12th President of the Presidency of Yugoslavia
- In office 15 May 1990 – 15 May 1991
- Prime Minister: Ante Marković
- Preceded by: Janez Drnovšek
- Succeeded by: Sejdo Bajramović (Acting)

12th Secretary General of Non-Aligned Movement
- In office 15 May 1990 – 15 May 1991
- Preceded by: Janez Drnovšek
- Succeeded by: Stjepan Mesić

3rd Serbian Representative in the Yugoslav Presidency
- In office 15 May 1989 – 27 April 1992
- Preceded by: Nikola Ljubičić
- Succeeded by: Office abolished

Personal details
- Born: 19 October 1928 Nikšić, Batočina, Kingdom of Serbs, Croats and Slovenes
- Died: 13 September 2021 (aged 92) Belgrade, Serbia
- Party: League of Communists of Yugoslavia Socialist Party of Serbia

= Borisav Jović =

Serbian politician (1928–2021)

Borisav Jović (Борисав Јовић, /sh/; 19 October 1928 – 13 September 2021) was a Serbian economist, diplomat and politician who served as the President of the Presidency of Yugoslavia from 1990 to 1991.

He was Yugoslavia's ambassador to Italy from the mid to late 1970s, was the Serbian representative of the collective Presidency of Yugoslavia during the late 1980s and early 1990s, was the President of the Presidency and was a leading figure in the Socialist Party of Serbia in the 1990s. Jović received his PhD in economics from the University of Belgrade in 1965. He was a fluent speaker of Russian and Italian.

==Career==
Jović was a close ally and advisor of Serbian official Slobodan Milošević and helped Milošević attain power during the anti-bureaucratic revolution. He served as president of the Presidency of Yugoslavia from May 1990 to May 1991. In his book, Poslednji dani SFRJ (Belgrade, 1995), Jović describes how in late June 1990, following the electoral victory in Slovenia and Croatia of pro-independence forces, he proposed to Milošević and federal defense minister Veljko Kadijević that they "throw Slovenia and Croatia out of Yugoslavia" through the use of force, while retaining hold of Serb-populated sections of Croatia, to which Milošević agreed. Shortly after that meeting, Jović began implementing the strategy that led to the end of the federal Yugoslav state. Jović is known for helping to negotiate the Brioni Accord in early July 1991, which gave Slovenia its independence after the Ten-Day War.
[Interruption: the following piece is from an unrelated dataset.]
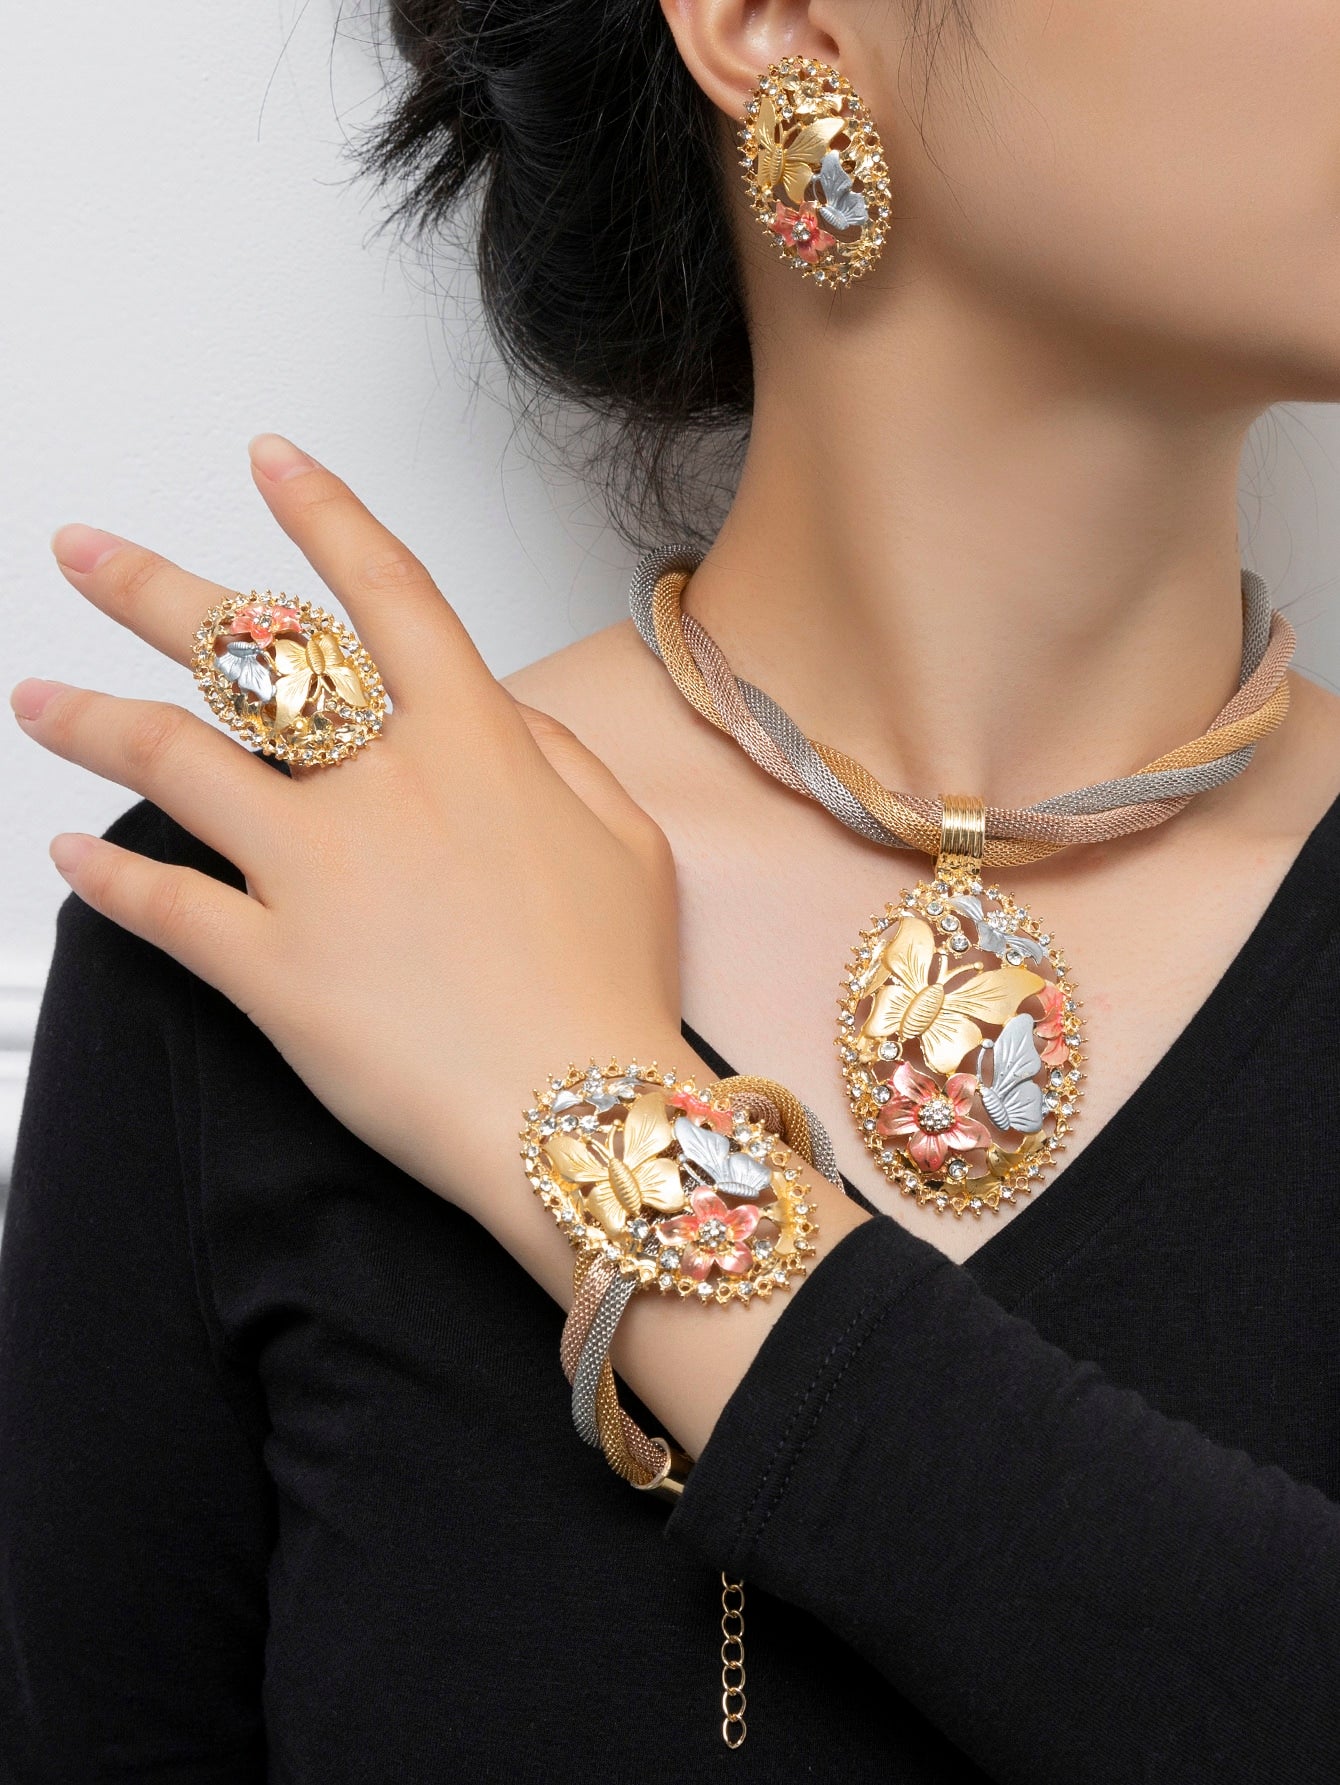 5 قطع أناقة متعدد الألوان شكل فراشة زخرفة للنساء طقم مجوهرات , الموضة اكسسوارات

Near the end of his mandate in the rotating presidency, his successor, Stjepan Mesić, a Croat, was blocked from taking the presidency by four out of eight members of the presidency who thus violated the constitutional arrangement for rotation. In mid-1991, with the tensions leading to the Croatian War of Independence rising in Croatia, Jović attempted to enact emergency powers which would effectively enable the Yugoslav People's Army to take control of the country and reverse the effects of the first free democratic elections, which had elected independence-advocating governments in the republics of Croatia and Slovenia. A vote of 5 out of 8 members of the Presidency was required, and Serbia had under its political control votes of Serbia, Montenegro, Vojvodina and Kosovo, and presumed that the Serb delegate representing Bosnia and Herzegovina would vote for the plan. The plan backfired when the Bosnian Serb delegate, Bogić Bogićević, refused to vote for the plan.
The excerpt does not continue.